[En-Nut-Discussion] NutGetMillis is a _very expensive_ function on Ethernut3

Wed Aug 20 18:18:18 CEST 2008

Alain M. wrote:
> duane ellis escreveu:
>> Harald Kipp wrote:
>>  >> IMHO, using an array instead of a structure will be more flexible. 
>> This way we can define different indices for different targets.
>> I do not think the ARRAY should be public, it should be 100% hidden 
>> "static to a chip/target specific C file", and the C file should 
>> implement access functions to get the clock values. Data Hiding is 
>> good.  How that C file/function does its job internally is up to the 
>> implementor.
> 
> Specialy because it can be made in a way that gets optimyzed away by GCC.

I didn't intend to make the cache variable public. I prefered to use an 
array instead of a structure, because it is more flexible and can be 
handled by the architecture independent part. This reduces the effort of 
porting to new platforms.

No question that data hiding has advantages. However, it can be 
overdone. Specifically in tiny embedded systems the function call 
overhead may be significant. AFAIK, global functions are typically not 
optimized away. If, then it needs to be done by the linker. The compiler 
cannot do this.

But calm down. ;-) There are no plans to replace the existing functions.

I'd like to introduce two new hardware independent functions

   uint32_t NutClockGet(int idx);
   int NutClockSet(int idx, uint32_t freq);

The idx parameter NUT_HWCLK_CPU, NUT_HWCLK_PERIPHERAL etc. which are 
platform dependent.

For now, the second function is specified for NutClockSet(-1, 0) only, 
which means: Release cached values (freq=0) of all clocks (idx=-1). 
Later some platforms may implement the ability to set specified hardware 
clocks to specified frequencies.

Then we still have

   uint32_t NutGetCpuClock(void);

which is an optimized version of NutClockGet(NUT_HWCLK_CPU) and provides 
backward compatibility. If NUT_CPU_FREQ is defined, it will simply

   return NUT_CPU_FREQ;

Otherwise NutClockGet() and NutGetCpuClock() will use the cache 
mechanism suggested by Duane. By using an array for the cache, these 
function can be moved from arch/xxx/ostimer.c to os/timer.c. Indices and 
the size of this array are defined in include/arch/<target>/timer.h.
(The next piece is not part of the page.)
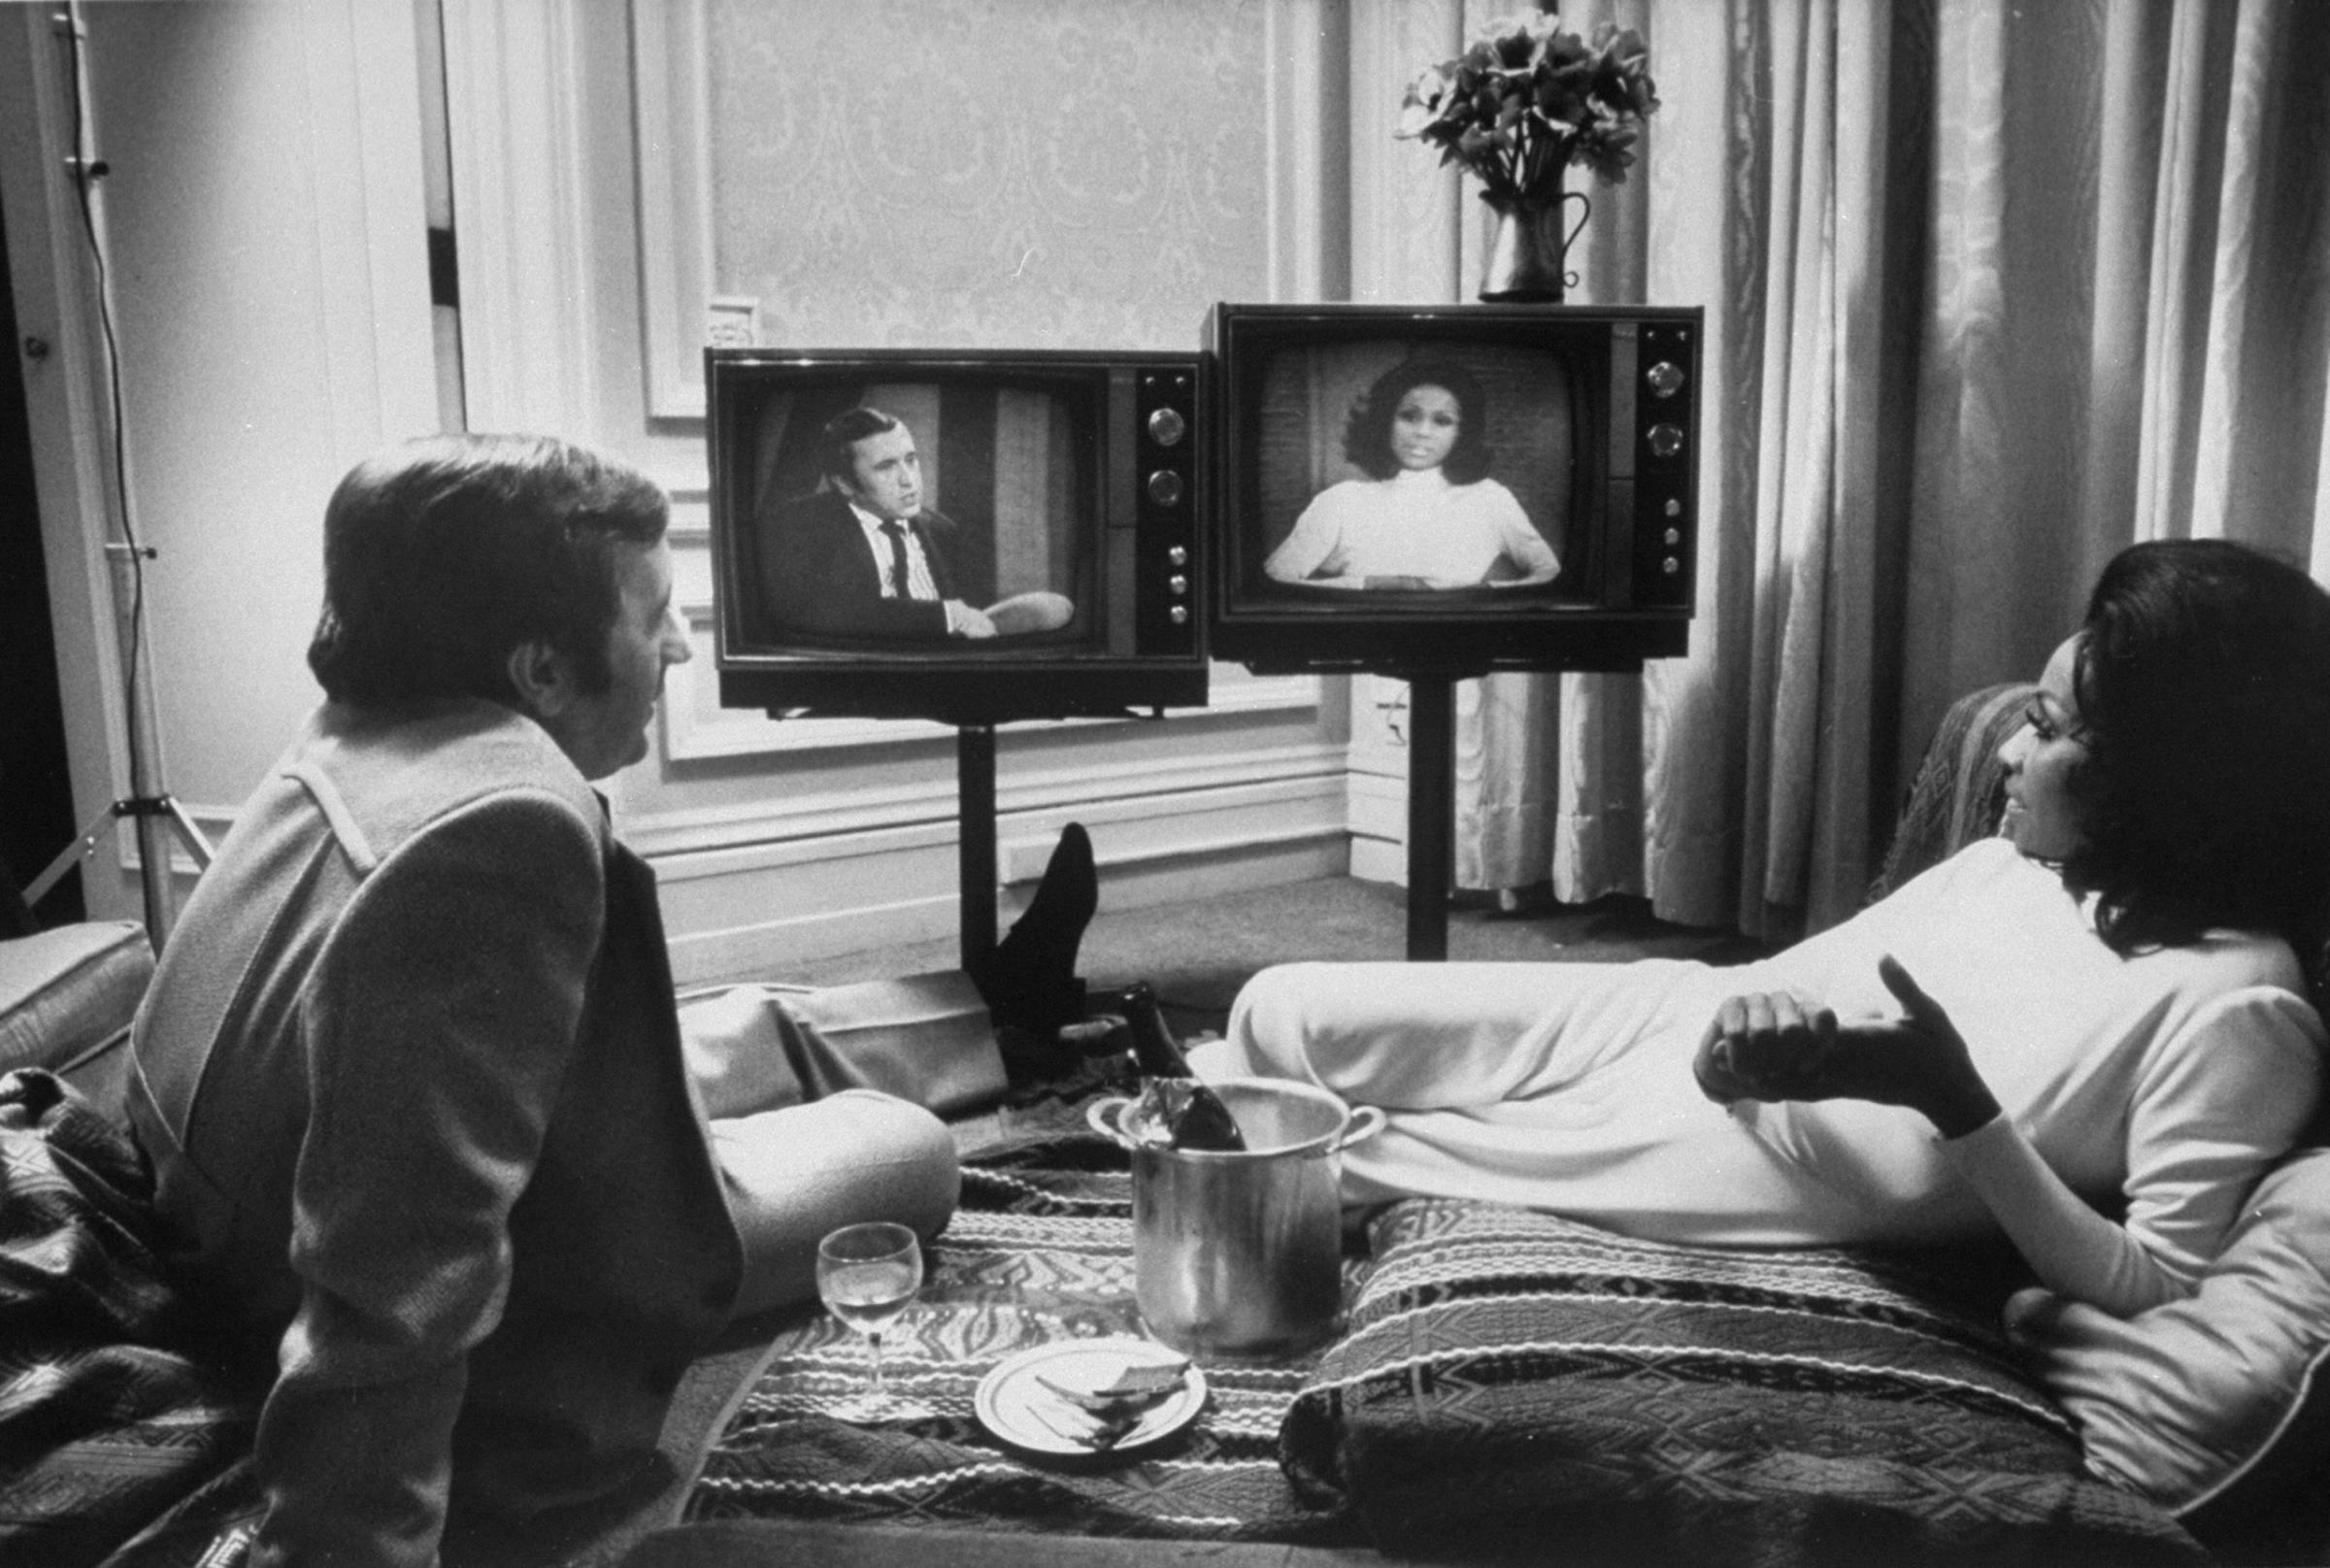 Actress Diahann Carroll and journalist David Frost watch themselves on separate talk shows. Carroll and Frost were engaged for a while, but never married.

On the hardware dependent side there is a new function

   uint32_t NutArchClockGet(int idx);

which reads the hardware in case of an invalid cache value.

This way we are also able to replace constructs like

   #if defined(AT91_PLL_MAINCK)
     clk = At91GetMasterClock();
   #else
     clk = NutGetCpuClock();
   #endif

by

   clk = NutClockGet(NUT_HWCLK_PERIPHERAL);

or even more specific

   clk = NutClockGet(NUT_HWCLK_UART0);

On targets with single clock support only, the indices are all the same

   #define NUT_HWCLK_CPU 0
   #define NUT_HWCLK_PERIPHERAL NUT_HWCLK_CPU
   #define NUT_HWCLK_UART0 NUT_HWCLK_PERIPHERAL
   ...
   #define NUT_HWCLK_MAX NUT_HWCLK_PERIPHERAL

and the cache is declared as

   static uint32_t clock_cache[NUT_HWCLK_MAX + 1];

In such cases (1 clock only) the function NutClockGet() is mapped to the 
optimized NutGetCpuClock() by

   #if NUT_HWCLK_MAX == 0
   #define NutClockGet(i)          NutGetCpuClock()
   #endif

This will hopefully not add any additional code to tiny systems, where 
every byte counts. And it will provide high flexibility for coming chips 
without creating a porting nightmares.

Harald